I didn’t say anything. I just looked at Dr. Banks.
Dr. Banks had always been a man who fought to present the illusion of perfection, clinging to it long past the point where anyone else I knew would have abandoned it as a waste of resources. That perfection was gone now. His sandy hair was mussed, graying at the temples, and a little longer than it should have been, showing how long it had been since he’d been to see a barber. He’d lost weight, leaving his carefully sculpted physique less defined than it had been the last time I’d seen him. Most damningly, he was wearing stained brown slacks and the top half of a pair of medical scrubs. The sleeves of his black runner’s top poked out of the shirt, their cuffs a little frayed. If the apocalypse was stripping us of our masks and revealing us for what we really were, what did that say about Dr. Banks? How much of who I’d always assumed him to be was a lie?
“I’ve been working day and night to try to find a solution,” he said, apparently mistaking my silence for awe, or for confusion, or for something easier to explain away than what it really was: understanding. I was starting to understand why it had been so easy for him to lie to me all those years, when he looked into my eyes and called me “Sally” and acted like my accident hadn’t changed anything.
He’d already been lying to everyone else.
“Who’s she?” asked Nathan, breaking the brief quiet. His gaze had gone to the silent girl standing next to Dr. Banks. I followed it, really considering her for the first time.
She was a whisper of a thing, a charcoal sketch that no one had ever bothered to finish filling in. Her skin was almost pale enough to be translucent, a milky white only a few shades darker than the skins of the tapeworms Dr. Cale kept in jars and feeding containers down in her lab. Her hair was black, falling to mid-back, and her eyes were a dark enough brown that I might not have realized they had a color at all if I hadn’t had her hair for contrast. She was maybe twenty years old, and stick-thin. She looked like she was on the verge of collapse, but she met my eyes steadily, and she didn’t flinch away.
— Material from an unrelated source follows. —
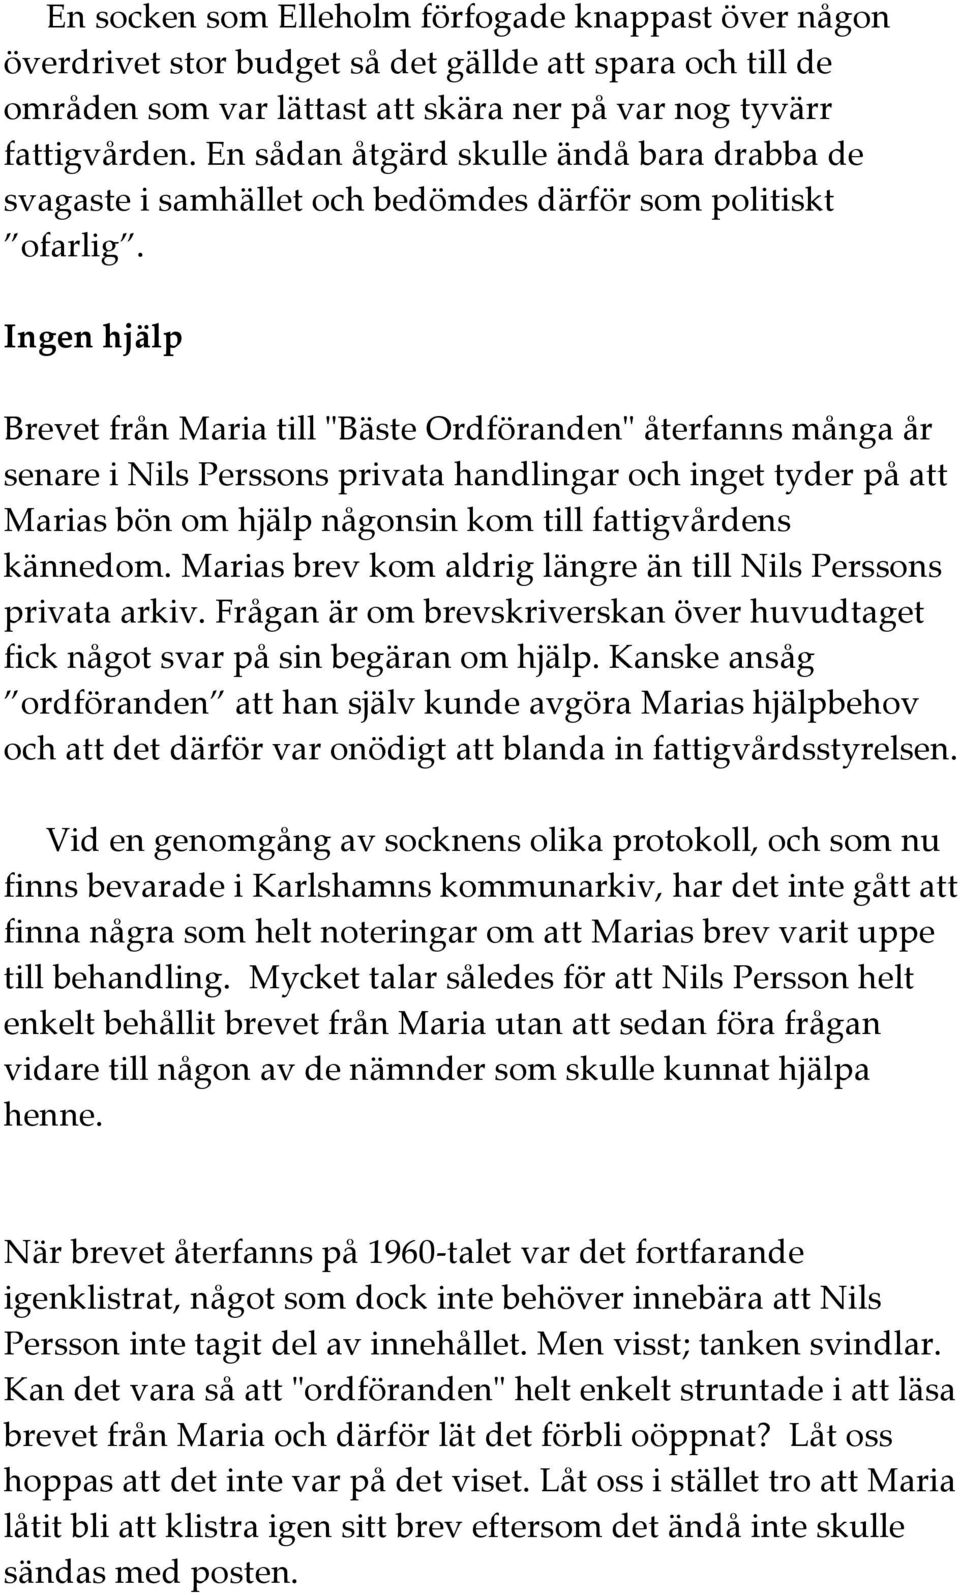 Ingen hjälp Brevet från Maria till "Bäste Ordföranden" återfanns många år senare i Nils Perssons privata handlingar och inget tyder på att Marias bön om hjälp någonsin kom till fattigvårdens kännedom.

Something about her was terribly familiar. I had never seen her before.
“Sal, meet Anna,” said Dr. Banks, placing a proprietary hand on the girl’s shoulder. She turned to look up at him, her dark eyes filled with worshipful adoration. He flashed a smile at her—the same warm, intentionally paternal smile that he used to direct at me.
In that moment I knew what she was, but I didn’t say anything, too filled with disgust and dismay to force my lips to move. The pounding of the drums was back in my ears, brought on by the stress and the realization that Dr. Banks had been doing more independent experimentation than any of us had ever suspected. And why shouldn’t he? He’d been one of the creators of the SymboGen implant. He had as much right as anyone to explore further perversions of science.
Dr. Banks turned that warm, paternal smile on me, and said, “She’s your sister.”